AVAILABLE DATA >>

┏━━

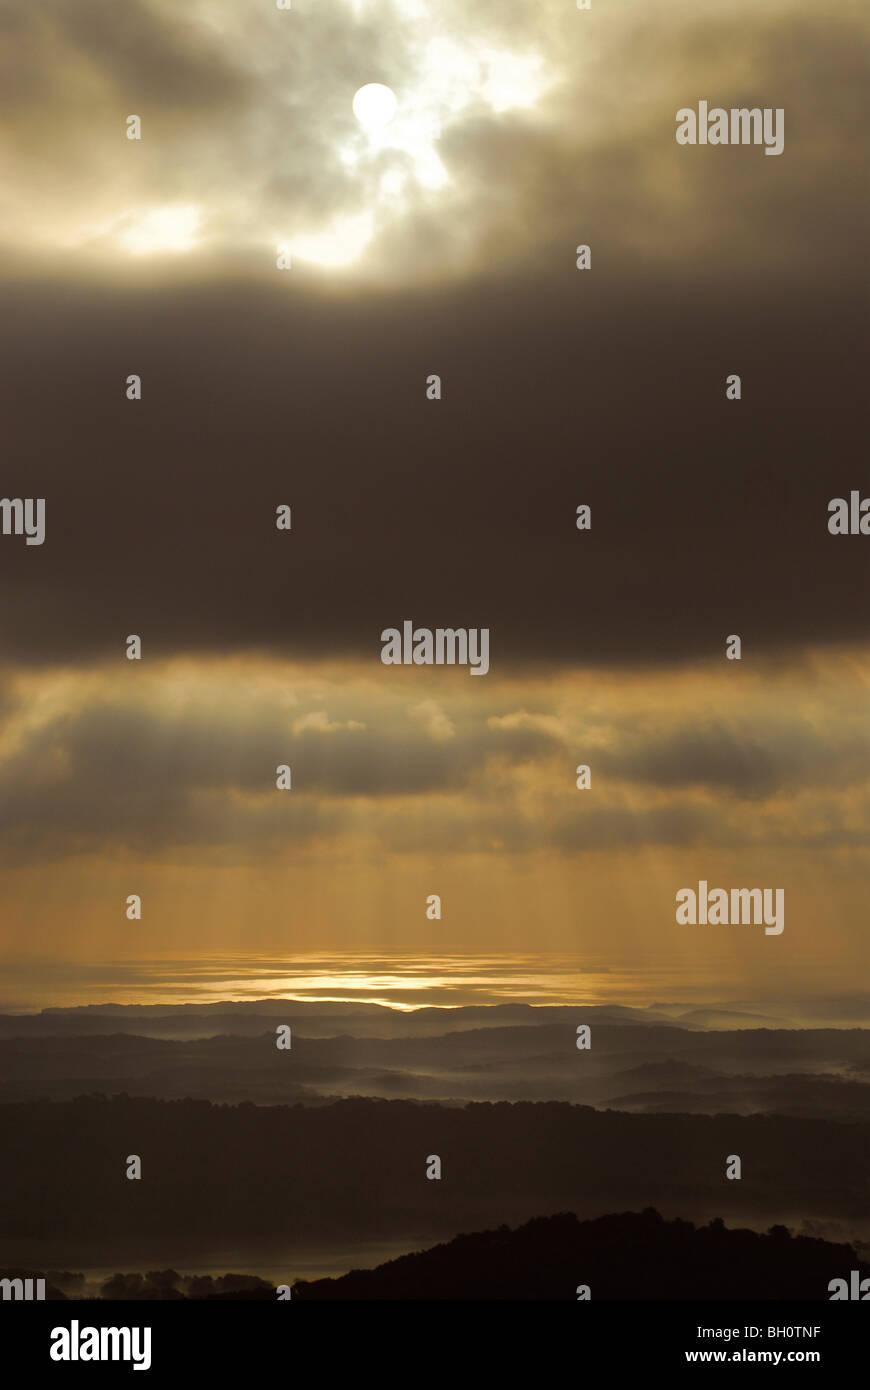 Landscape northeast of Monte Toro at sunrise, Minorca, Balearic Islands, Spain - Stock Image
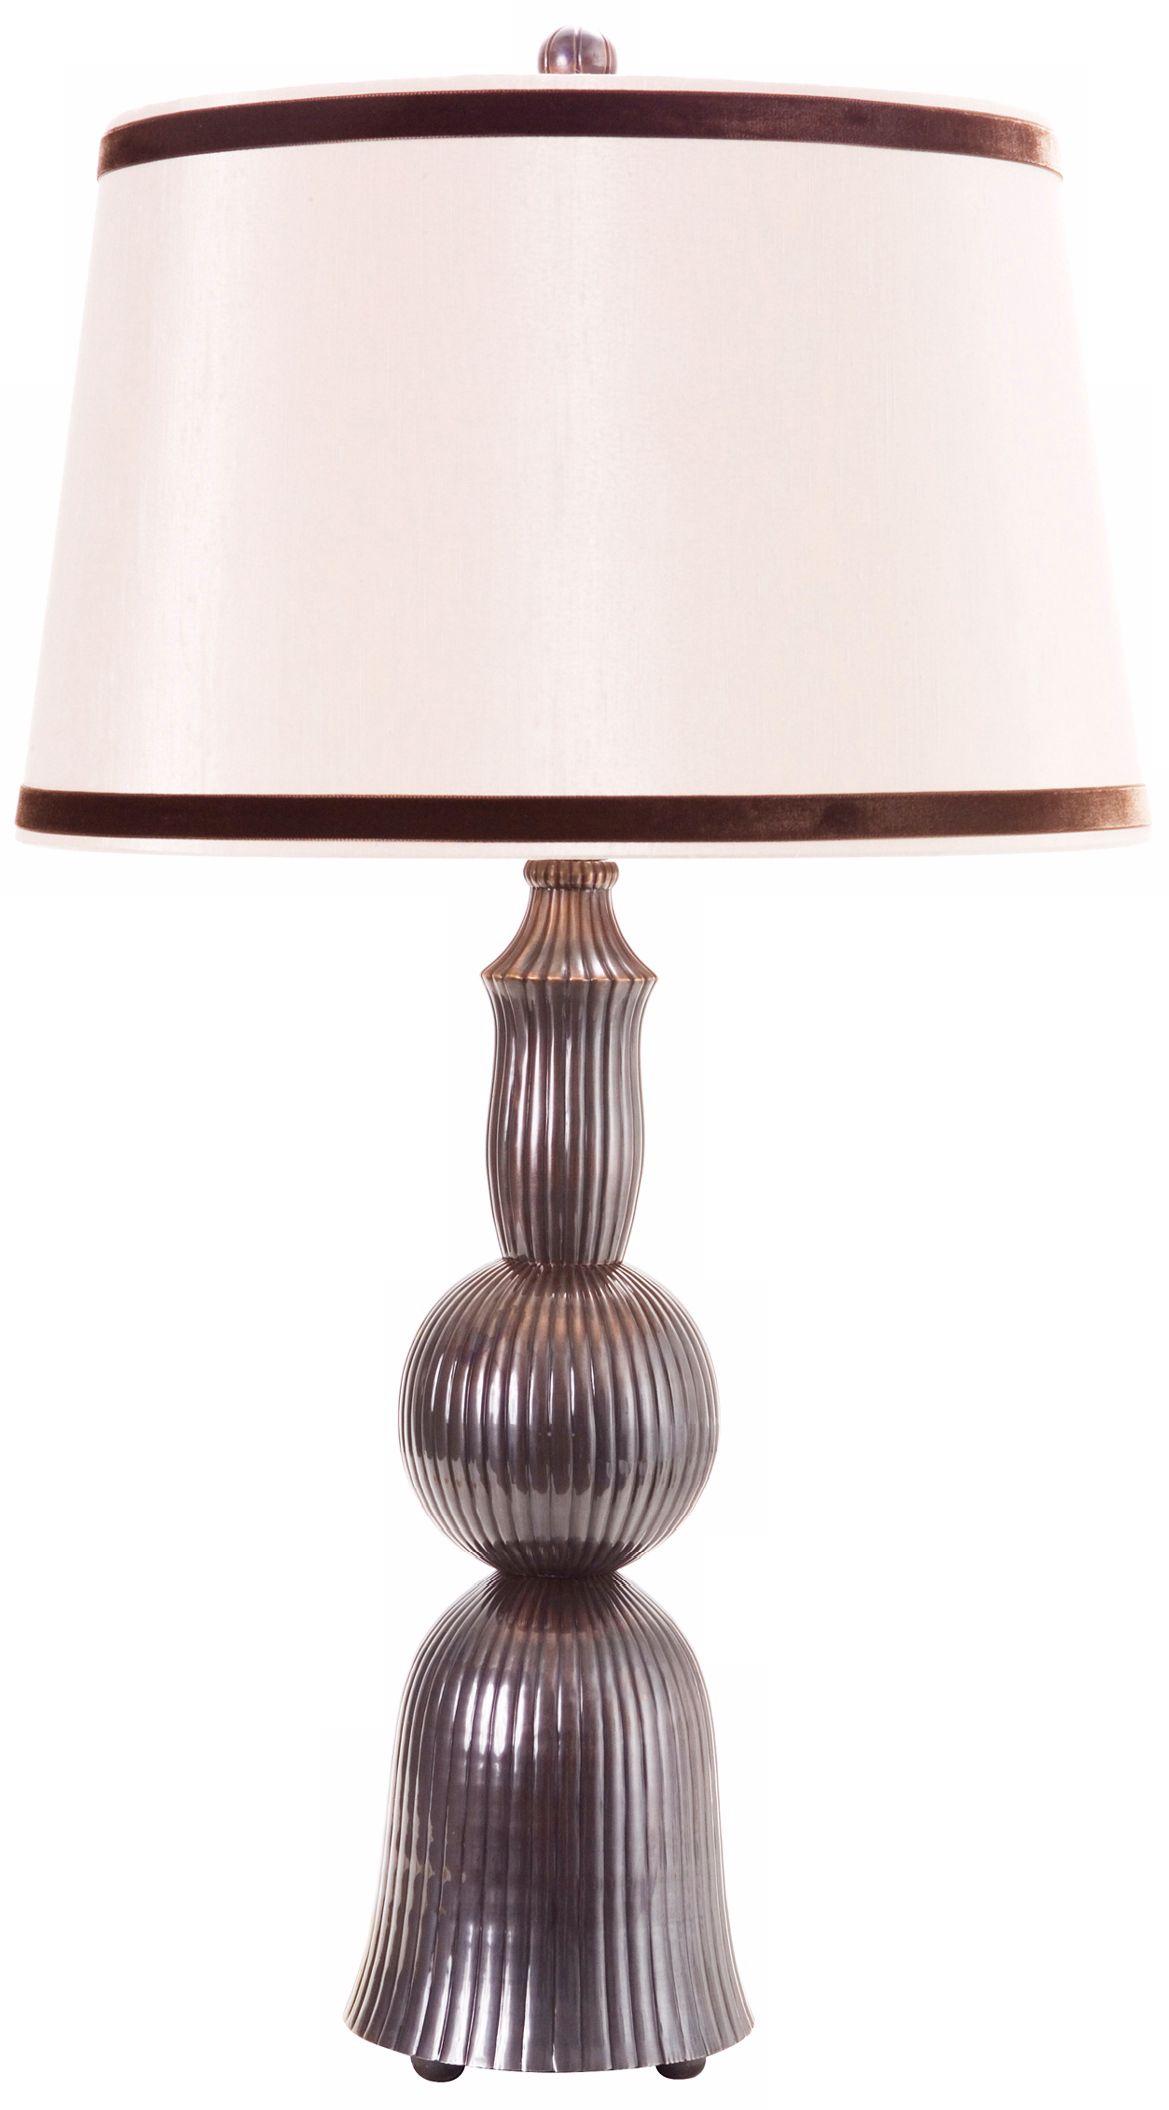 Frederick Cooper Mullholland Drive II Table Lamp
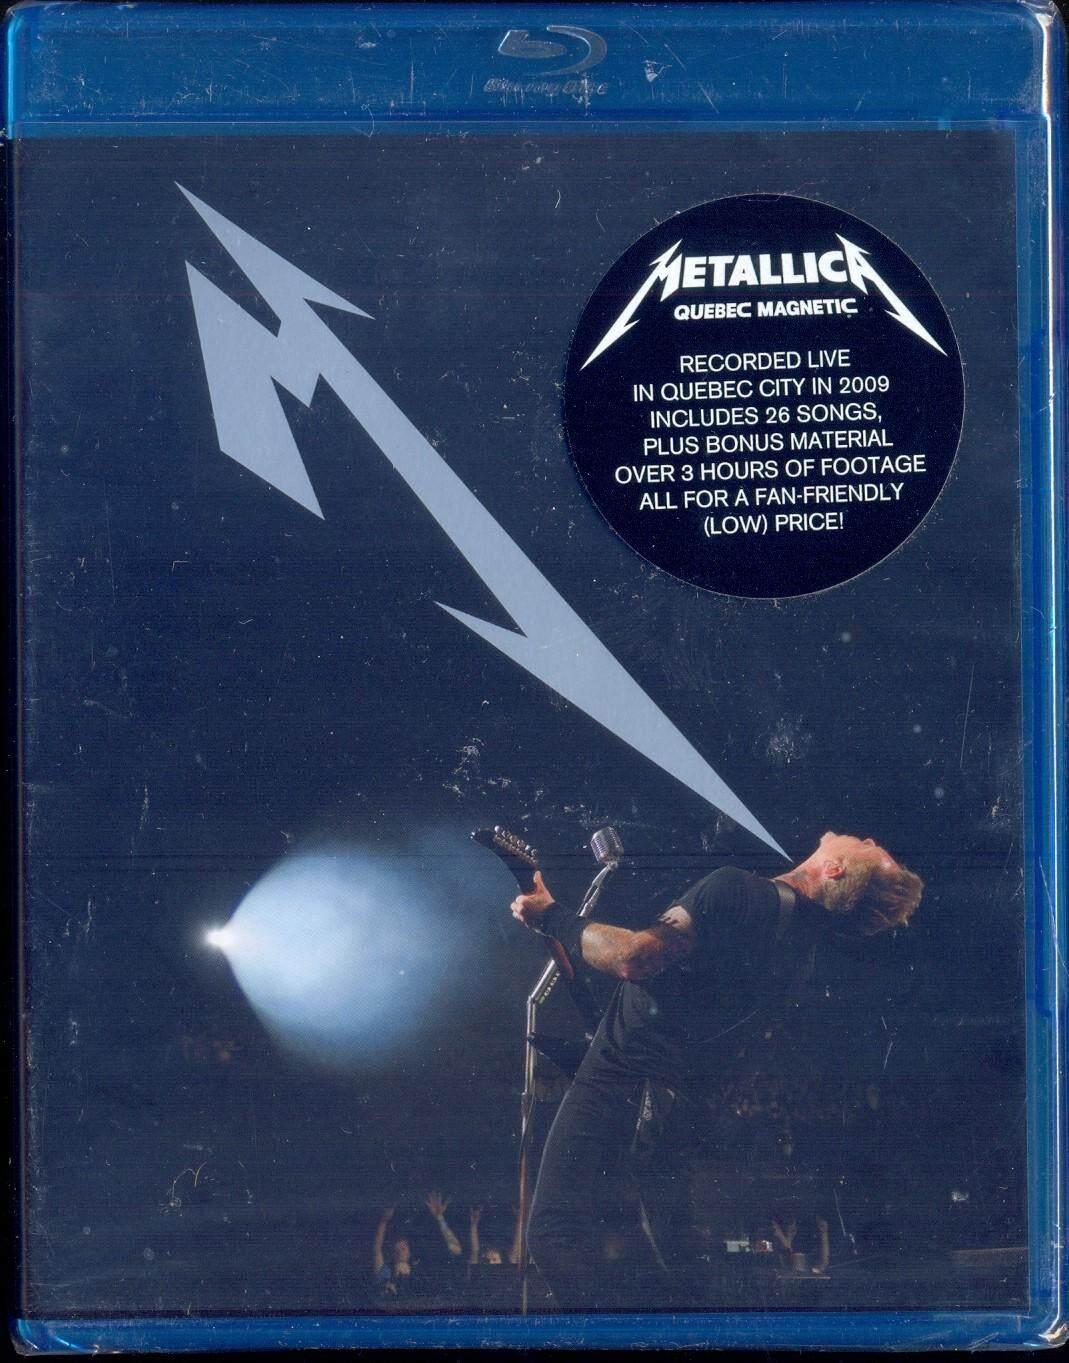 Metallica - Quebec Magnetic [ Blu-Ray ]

┗━━

WORK TASK >>
The answer should contain every line of the material exactly as written and no pictures.

RESULT OF THE EXERCISE >>
 Landscape northeast of Monte Toro at sunrise, Minorca, Balearic Islands, Spain - Stock Image
 Frederick Cooper Mullholland Drive II Table Lamp
 Metallica - Quebec Magnetic [ Blu-Ray ]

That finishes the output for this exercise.